1) Could you please demonstrate the algebra going from

1/4 ln (u) = sinx + c to [u]=Ae^(4sin(x)) and How is the second function similar to ln(y^(4)+1)= C+ 4sin(x)

I would like to know how 4 ended up being part of the exponent. (I forgot how to solve)

2) How would you simplify e^(y) = 3e^(2x)+C by solving for y?
y= ?
(The back of my book has the final answer as y= ln(3e^(2x)-2)

I do not understand where the -2 comes from.
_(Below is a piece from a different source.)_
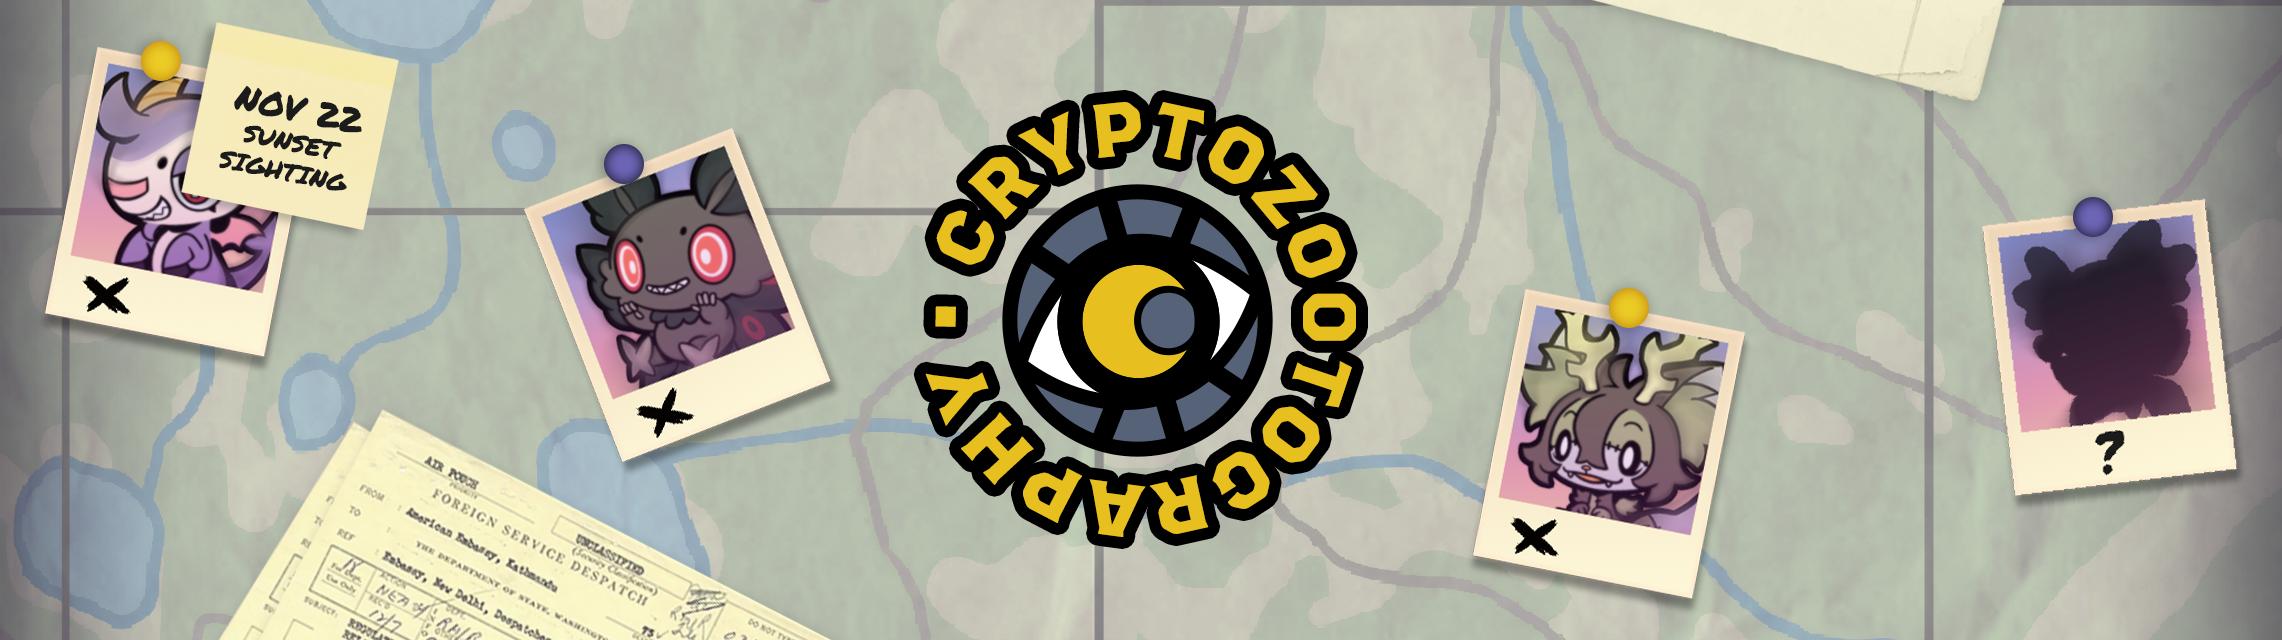 Cryptozootography

Here's what the original problem said in case you need to refer to it:

*Find an explicit particular solution of the initial problem :
dy/dx= 6e^(2x-y) , y(0)=0.
(I know the Physics Maestro helped me with this question but the teacher has not tought us that way because he is trying to make it easier for us because it's summer!

2. *Find an explicit particular solution of the initial problem :
dy/dx= 6e^(2x-y) , y(0)=0.
(I know the Physics Maestro helped me with this question but the teacher has not tought us that way because he is trying to make it easier for us because it's summer!
Rewrite as $y'=6e^{2x}e^{-y}$

Separate variables: $\frac{y'}{e^{-y}}=6e^{2x}$

Integrate: $\int{e^{y}}dy=6\int{e^{2x}}dx$

$e^{y}=3e^{2x}+C$

$y=ln(3e^{2x}+C)$

IC is y(0)=0: $0=ln(3e^{2(0)}+C)$

C=-2

$y=ln(3e^{2x}-2)$